What false autonomy looks like
False autonomy has recognizable symptoms.
The system looks autonomous but depends on operator cleanup. The agent runs, produces output, and waits while the operator corrects what missed, reruns what failed, and adjusts what drifted. The system’s contribution is real, but the autonomy is theater. The operator is doing planning and quality control in real time instead of in advance.
Tasks remain vague until late. The system defers specification until execution, so the agent meets ambiguity during the run rather than before it. Each ambiguity becomes a guess. Each guess becomes a possible misalignment discovered only at review.
Success is judged after the fact. There are no predefined acceptance criteria. The operator looks at the result and decides whether it is close enough. “Close enough” is not a verification standard. It is a negotiation between expectation and fatigue.
“It got close” becomes the real success standard. That may be acceptable for a research assistant. It is not acceptable for a construction system whose output becomes committed code.
The diagnostic question is whether the system could run the same task unattended and produce an accepted result. If success assumes an attentive operator, the autonomy is not in the system. It is in the operator.
The objection and its limits
The objection is that curated task execution sounds less advanced. It requires human effort to shape the work. It does not match the dream of fully autonomous AI development. It feels like a concession.
It is less theatrical, not less effective.
A curated task that runs, passes verification, and produces accepted code is more advanced in any operational sense than a dynamically planned task that produces impressive output requiring an hour of cleanup.

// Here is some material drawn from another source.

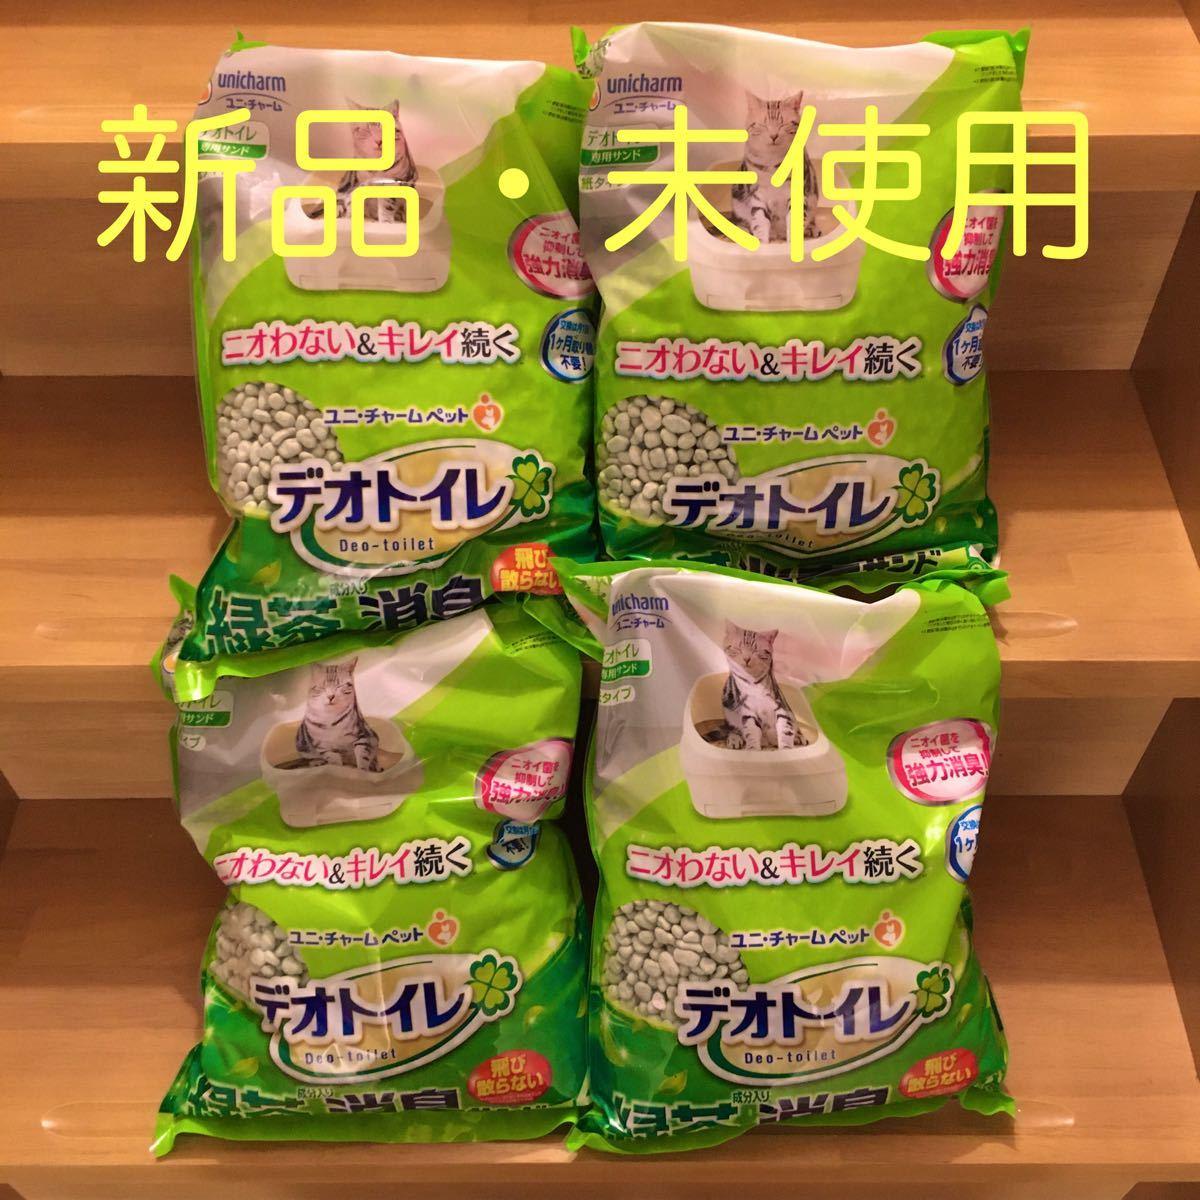 ユニチャームペット デオトイレ 飛び散らない緑茶消臭成分入り 消臭サンド 4L×4袋セット
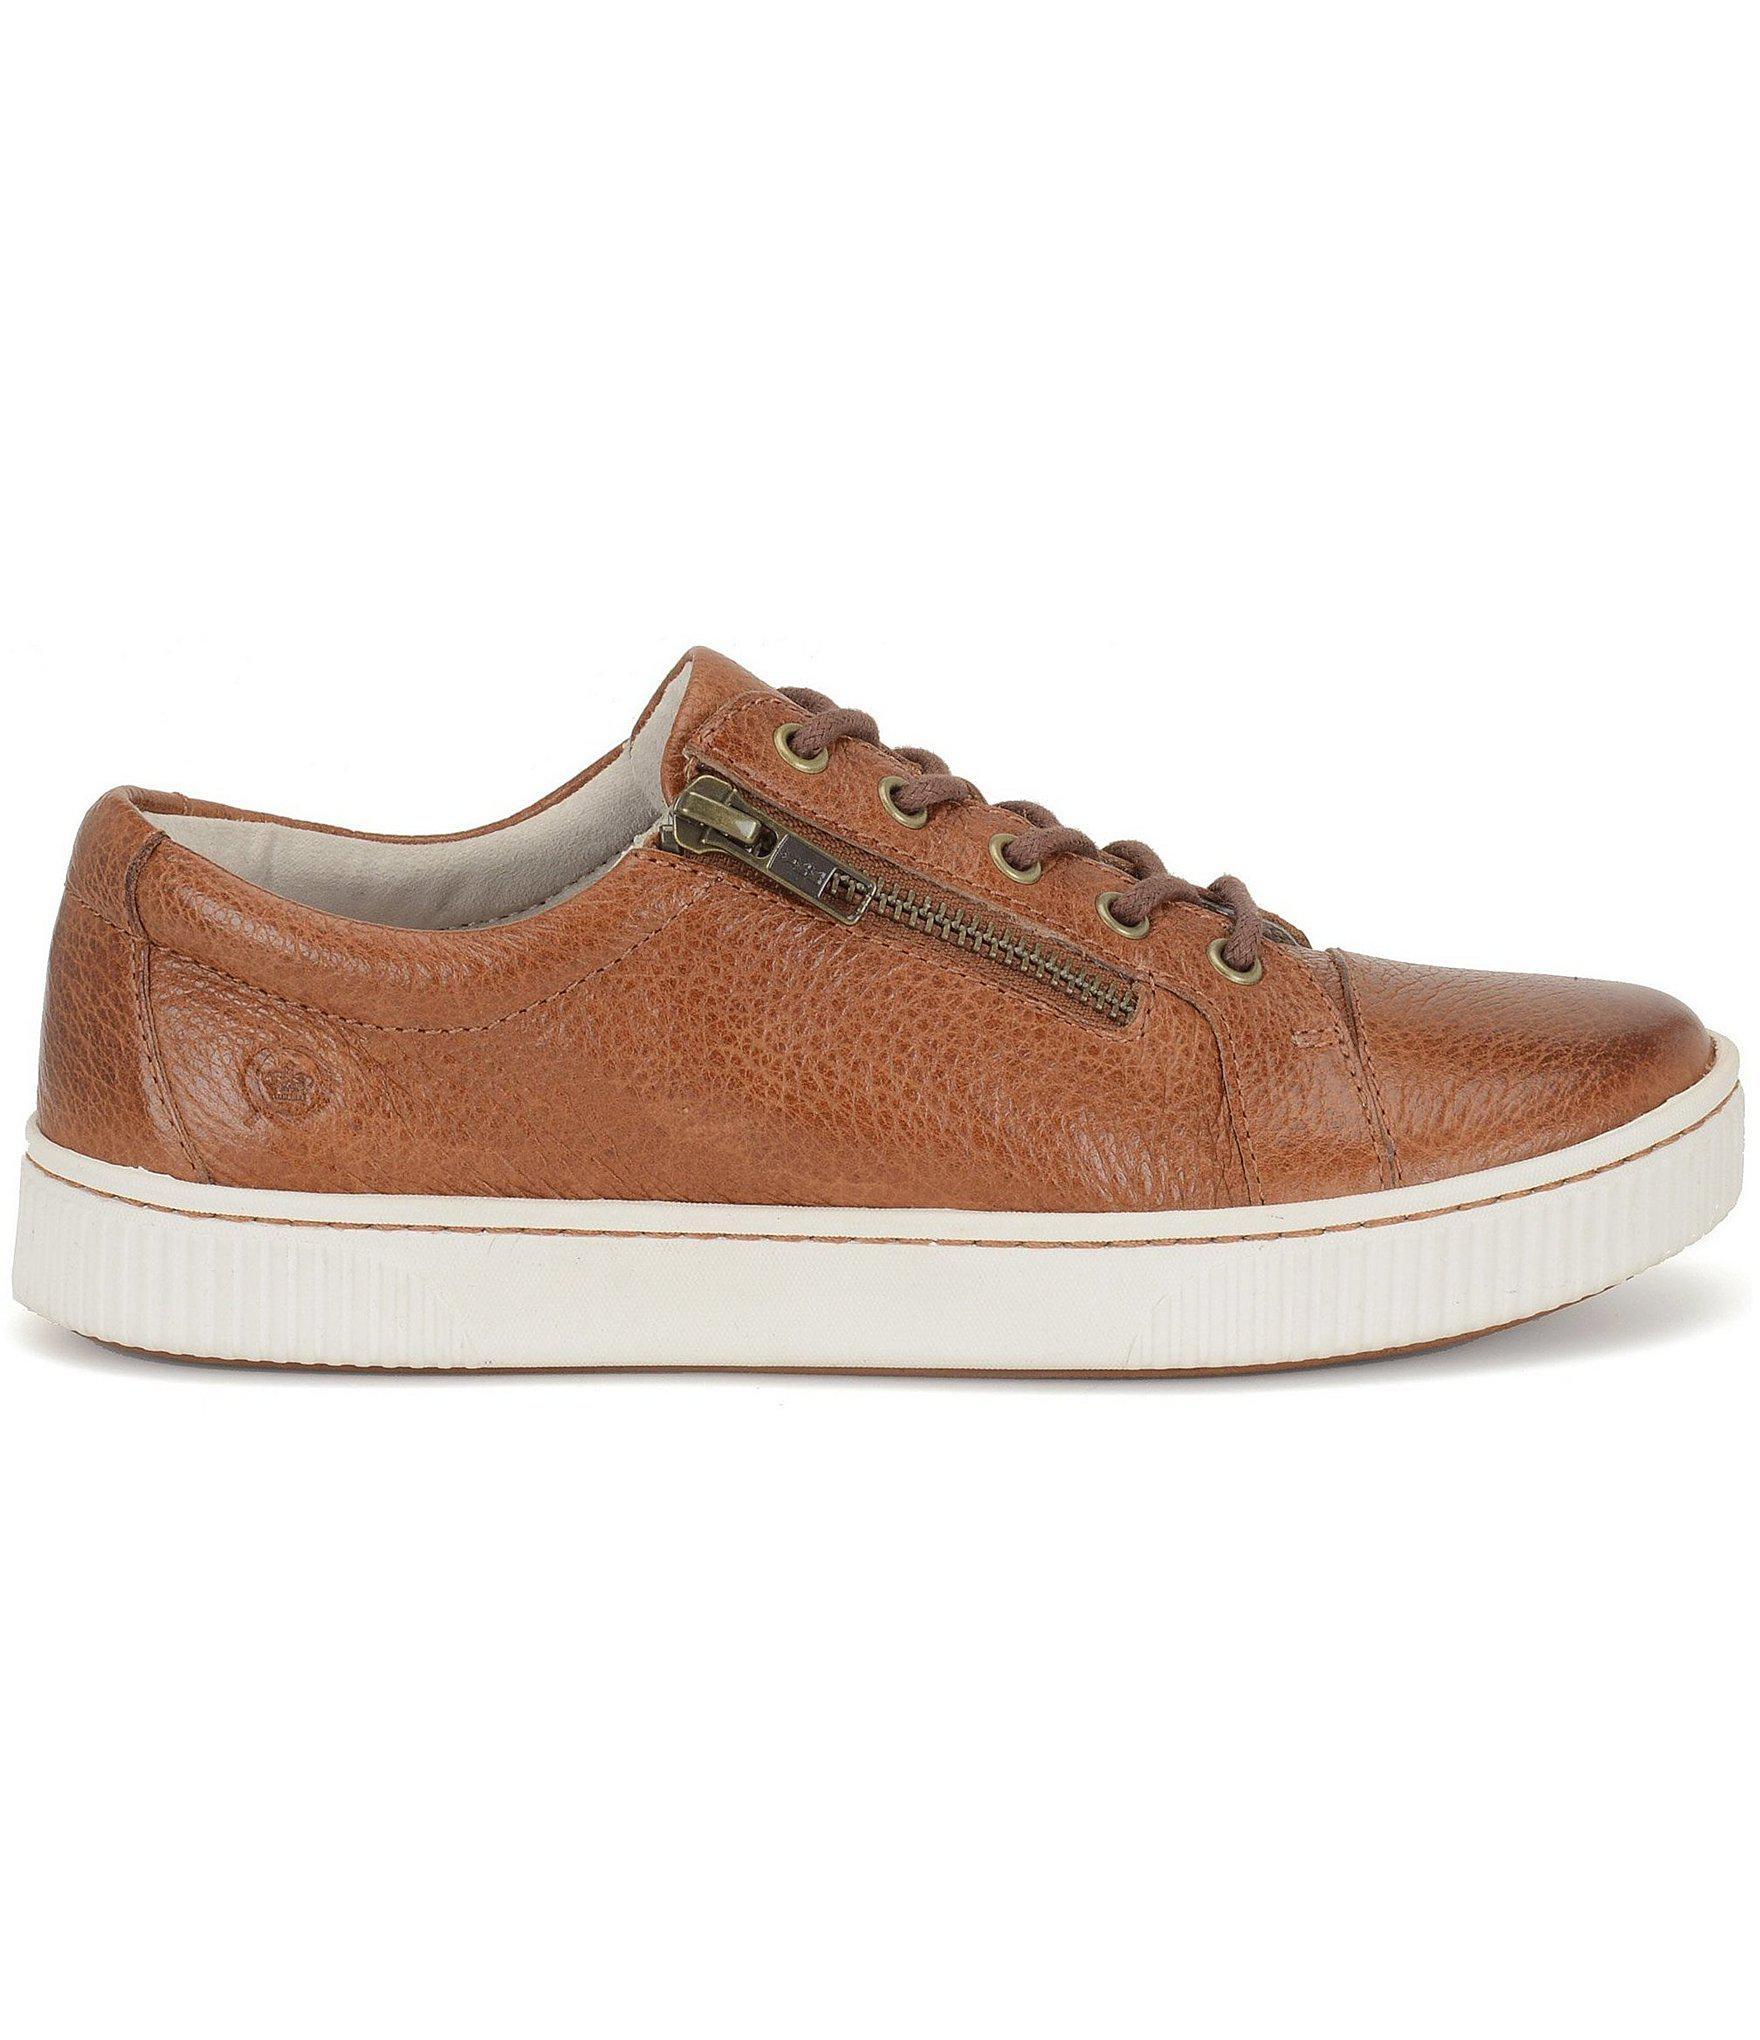 b9ece020600 Born - Brown Tamara Casual Zip Leather Sneakers - Lyst. View fullscreen

Dependable construction is a higher standard than impressive demos. A demo optimizes for audience reaction. A construction system optimizes for accepted output at rational cost. Those objectives favor different architectures.
The near-term advantage belongs to systems that specify work well, not because specification is the final answer, but because it is the current bottleneck. Models can often execute well-specified tasks reliably in real codebases. They cannot yet reliably specify their own work to the standard dependable construction requires.
When that changes, the architecture should change with it. Until then, curated execution is not a compromise. It is the stronger operating model.
Closing
Dependability currently comes from shaping work well, not from maximizing agent freedom.
The most reliable systems are not the ones with the most autonomy. They are the ones with the sharpest tasks: explicit acceptance criteria, bounded scope, deliberate backend choice, and a verification layer with something concrete to check.
Dynamic planning will improve. Models will get better at decomposition, edge cases, and contract writing. When that happens, the right response is to let planning agents produce curated tasks that meet the same contractual standard — not to abandon the standard.
The diagnostic question for any AI development workflow is this: is the system executing against well-shaped contracts, or interpreting vague goals and hoping the operator will clean up the difference?
If autonomy depends on cleanup, it is not autonomy. It is delegation with hidden labor.